### Basic definitions

Let *H* and *P* be two phylogenetic trees. *H* and *P* will be called host tree, respectively, parasite tree. Let *φ* : *L*(*P*) × *L*(*H*) be a relation over the set of leaf nodes of the parasite tree and the leaf nodes of the host tree. *φ;* is used to describe known host-parasite interactions. A toy example for a cophylogenetic system of four hosts and four parasites and their associations is given in Figure 1 (left).

In order to investigate whether there exists coevolution between hosts and their parasites, their common history is reconstructed from the phylogenies and the known current relationships. Typically, four different types of events are considered for the coevolutionary reconstruction of host-parasite systems: cospeciation events, duplication events, sorting events, and switching events. Cospeciation events refer to simultaneous speciations of host and parasite, duplication events are independent parasite speciations, sorting events correspond to lineage sorting (i.e., a parasite species that lives on a host species remains on only one of the resulting species after a host speciation), and switching events correspond to host shifts. As has been done by other authors (e.g., [3] and [9]) we consider a switch as a speciation of the parasite where one of the resulting species switches to another host. The four event types, that are also utilized in CoRe-PA are depicted in Figure 2.

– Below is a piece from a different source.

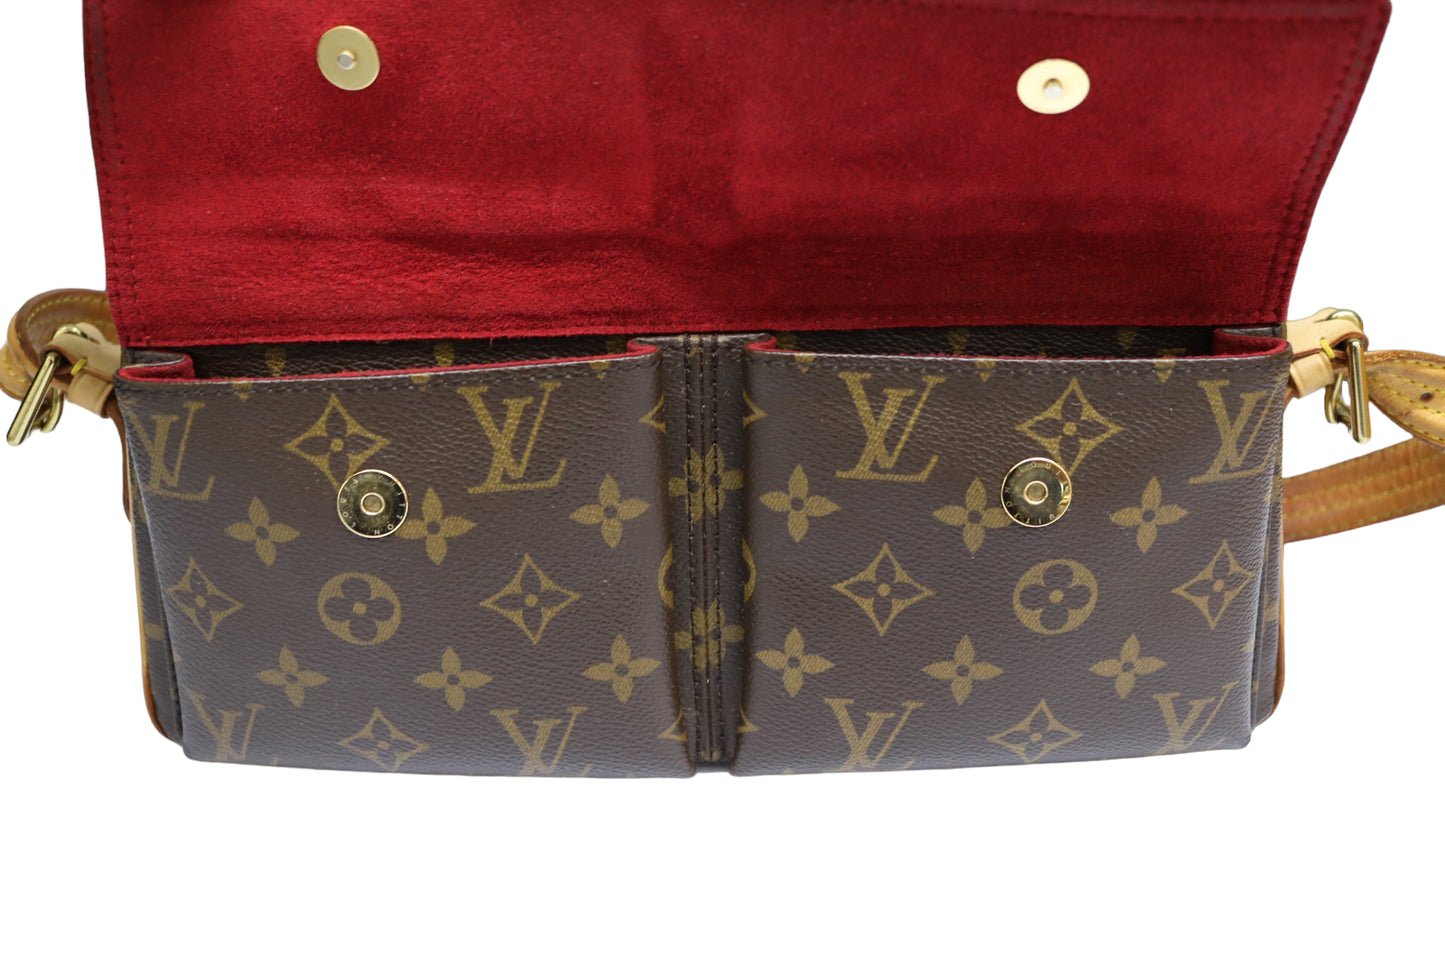 Authentic LOUIS VUITTON Viva-Cite MM Monogram Shoulder Bag
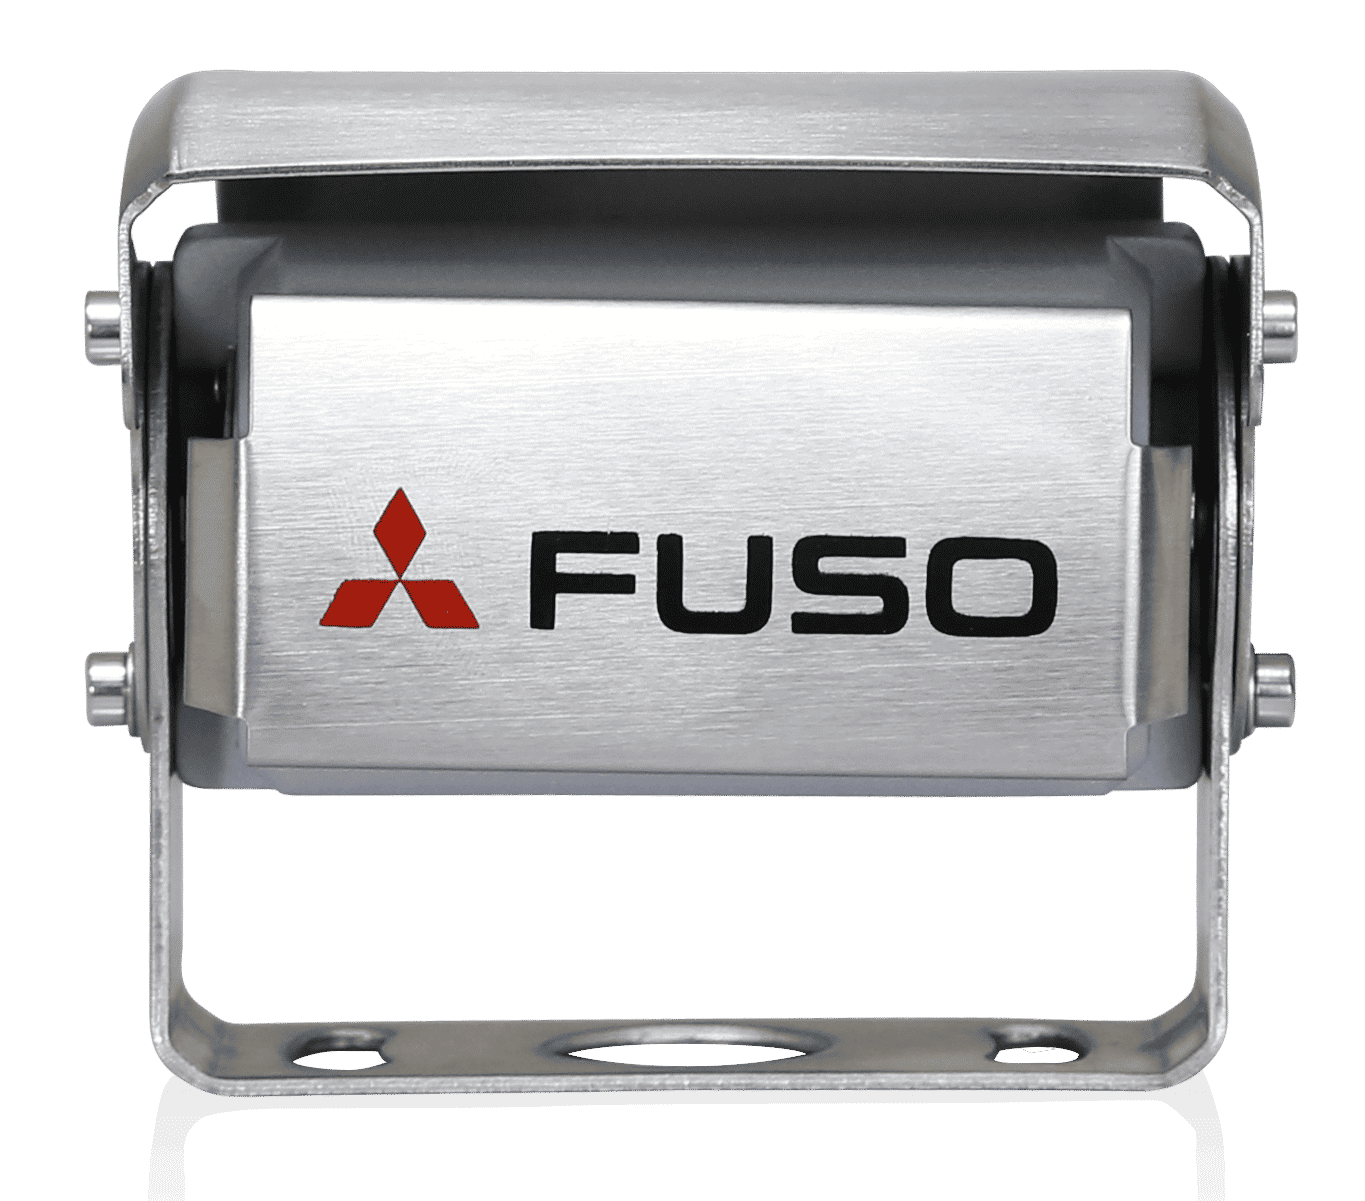 Tehokas FUSO-peruutuskamera parantaa näkyvyyttä ja turvallisuutta. Siinä oleva mikrofoni auttaa huomioimaan ajoneuvon takana olevan alueen paremmin. Näytön väri muuttuu automaattisesti pimeällä selkeyden lisäämiseksi. Järjestelmää voi käyttää 12 ja 24 V:n virralla, ja se täyttää FUSOn korkeat testausvaatimukset. Kamera on vesitiivis IP69K-luokituksen mukaisesti. Näytön tarkkuus on 800 x 480 x 3 (RGB).

We need the following definitions. If *p* is a node of a tree, then *p*.*i* denotes the *i*-th child node of *p*. The out-degree of node *p* is denoted with deg(*p*). An association of a parasite *p* ∈ *P* to a host *h* ∈ *H* is denoted as (*p*, *h*). A reconstruction *R* is the set of all associations of all parasites to nodes in the host tree, i.e., for each node *p* ∈ *P* it exists an *h* ∈ *H* such that (*p*, *h*) ∈ *R*. A reconstruction is valid if i) all parasite leaves are mapped to host leaves according to *φ*, ii) if node *p* is mapped to node *h*, then no descendant of *p* is associated with an ancestor of *h*, as this would induce an inconsistency, and iii) at least one child *p*.*i* of *p* has to be associated with an descendant of *h*. We do not consider the case of a speciation of the parasite *p* where both child species change to hosts that are outside of the subtree with root h because such events can not be traced back (many other studies also do not allow such events, e.g., [9]).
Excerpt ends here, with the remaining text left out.